Bu durumu hayal edebiliyor musunuz? Hani biz Sağlıkta devrim yapmış çağ atlamış bir ülke idik.. Hani artık vatandaş sırada beklemeyecek randevu sistemiyle gelip muayenesini olup gidecekti? Hani insana verilen değer? Yıllarca övündüğümüz Sağlık sistemi bu mu?

Neyse.. Sopalı Araştırma Hastanesinde o manzarayı görüp yaşadıktan sonra Seka Devlet Hastanesine gidip derdimizin dermanını orda aramaya karar verdik. Seka Devlet Hastanesi Sopalıdaki hastaneye göre daha düzenli ve yoğunluğu da daha azdı. Girdik kayıt yaptırdık yaklaşık 10 dakika kadar bekledikten sonra acil müdahale odasına alınıp tetkikler yapıldı kene çıkartıldı ve bizi tetanos aşısı için aşı odasına gönderdiler. Aşı odasına geldiğimizde içeride hasta olduğundan dışarda beklerken “içerde bu kadar zaman alabilecek ne yapılıyor merak ediyorum” diye konuştum.. Sonrasında kapıyı çalarak gelebilir miyiz diye sorduğumda içerdeki görevli hemşirenin sert bir “hayır” cevabıyla tekrar dışarda beklemeye başladık… Yine tahmini 10 dakika kadar bekledikten sonra içerdeki görevli her nedense kapıyı kilitledi. Kafamda soru işaretleriyle beklemeye devam ettik. Sonuçta enjeksiyon bu kadar zaman alır mıydı? Her neyse kapı açıldı içeri girdik girmemizle beraber kadın görevli kapının önünde “bir aşı bu kadar süre alır mı merak ediyorum” diye sarf ettiğim cümleyi duymuş ve çemkirerek yaptığı işi evrak kısmının çok zaman aldığını bizim bu durumu bilmeden konuştuğumuzu söyledi. Bir taraftan arkadaşımın evrakla ilgili kısmını yaparken diğer taraftan da evrakı kalemi oradan oraya atarak tepkisini fiziksel olarak ta gösterdi. Tabi bende hepimizin çalıştığını ve işimizi yaptığımızı bunun için de bu tür prosedürlerin işimiz gereği olduğunu normal ses tonuyla söyledim ama görevli kadının öfkesini dindirmek ne mümkün.. Arkadaşımın sağlık probleminin bir an evvel bitirilip oradan ayrılmayı düşündüğüm için açıkçası polemiğe girmek istemedim.

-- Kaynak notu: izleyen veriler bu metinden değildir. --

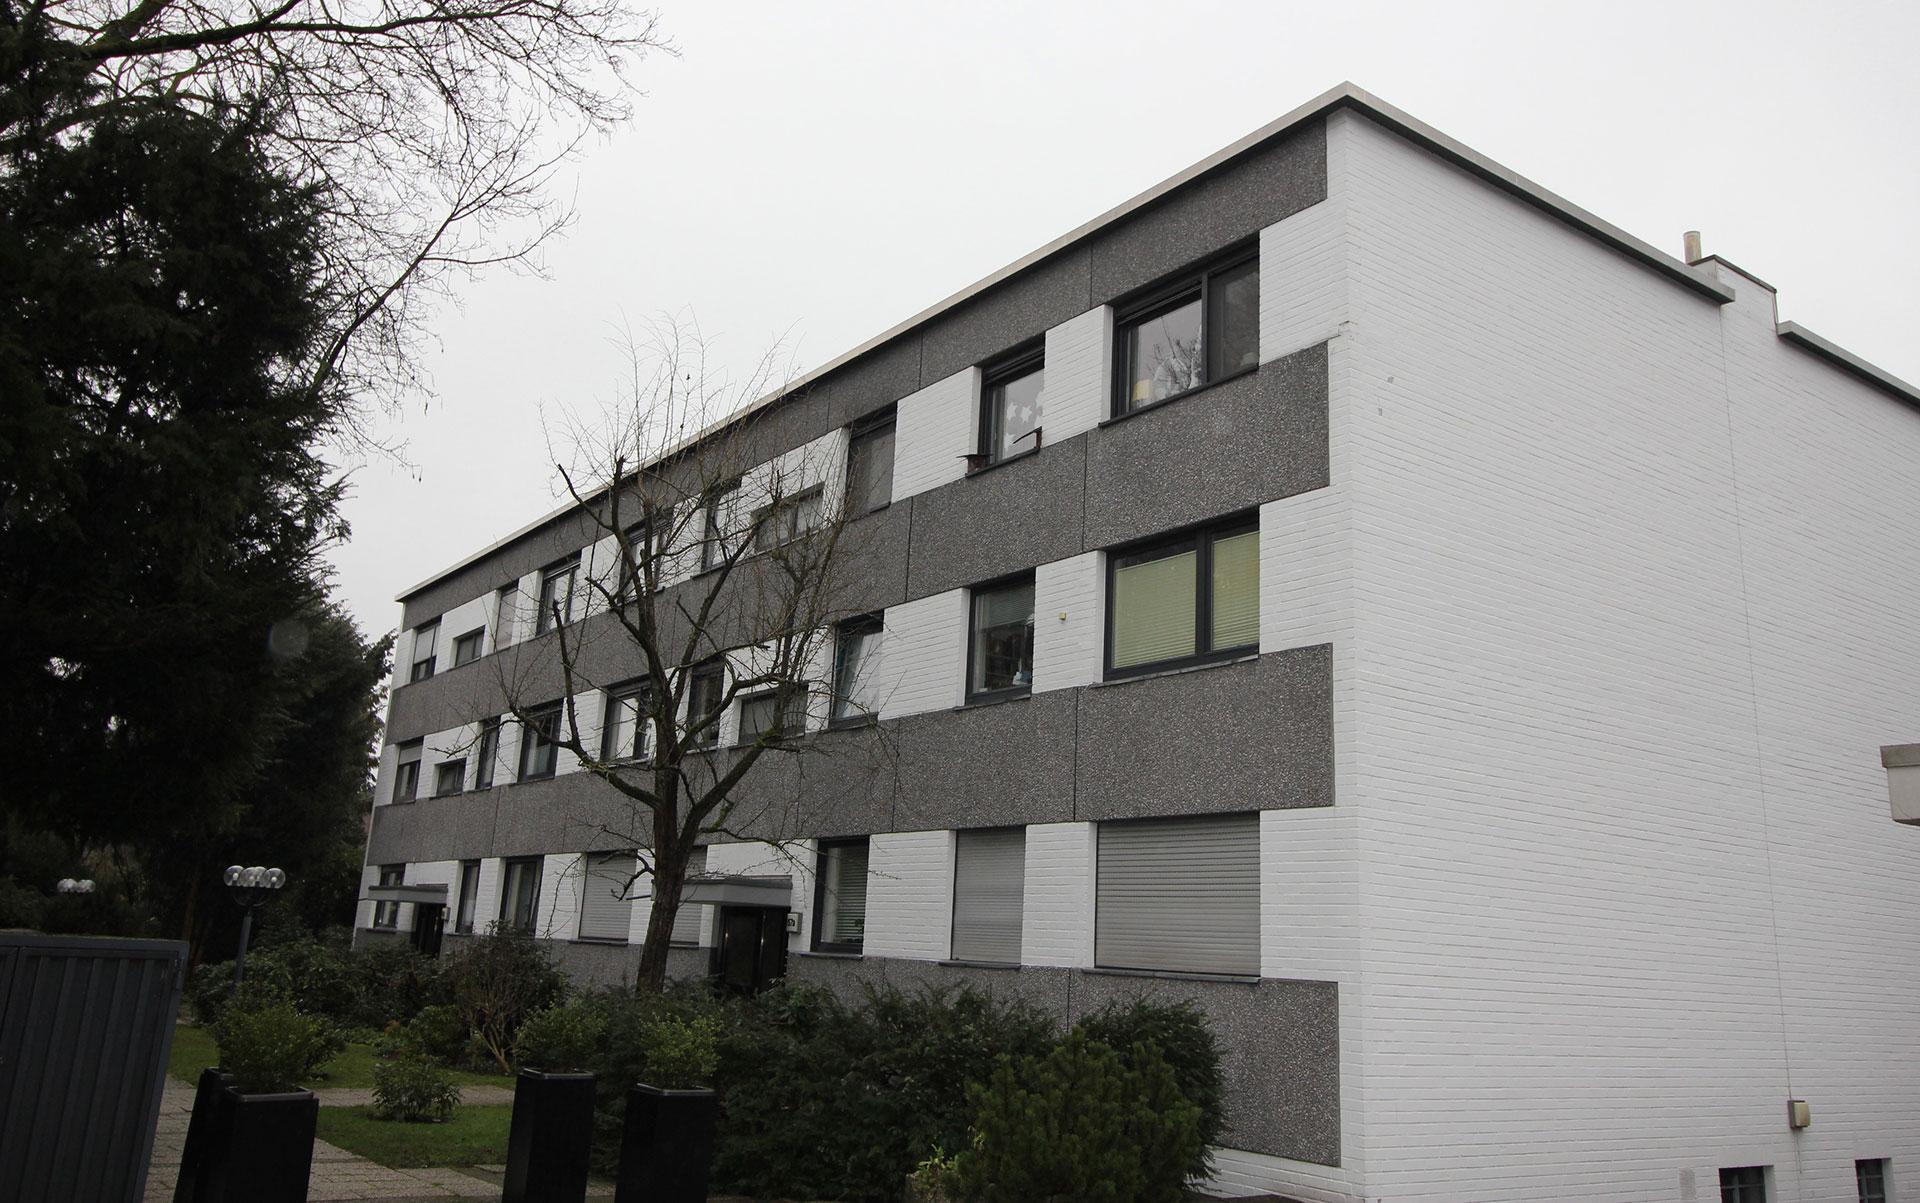 Hausverwaltung Krefeld: Grenzstraße WEG-Verwalter

Şimdi sizlere şunu sormak istiyorum.. Bu kadın görevlimizin karşısında onun içinde bulunduğu psikolojiyi anlamayan ya da anlamak istemeyen biri olsaydım acaba sonuç ne olurdu?

Evet sağlık görevlilerimizin özellikle pandemi döneminde hepimizin sağlığı için ne kadar mücadele verdiklerini bilen ve takdir eden kişilerden biri olarak devlet hastanesine yolumuz düştüğünde , bizlere bu şekilde davranma hakkını onlara vermiş mi oluyoruz?

Ben buradan tüm sağlık alanında görev yapan arkadaşlarıma seslenmek istiyorum.. Unutmayalım ki etki tepki doğurur. . Hepimiz bu vatanın evlatlarıyız.. Lütfen herkes görevini yapsın.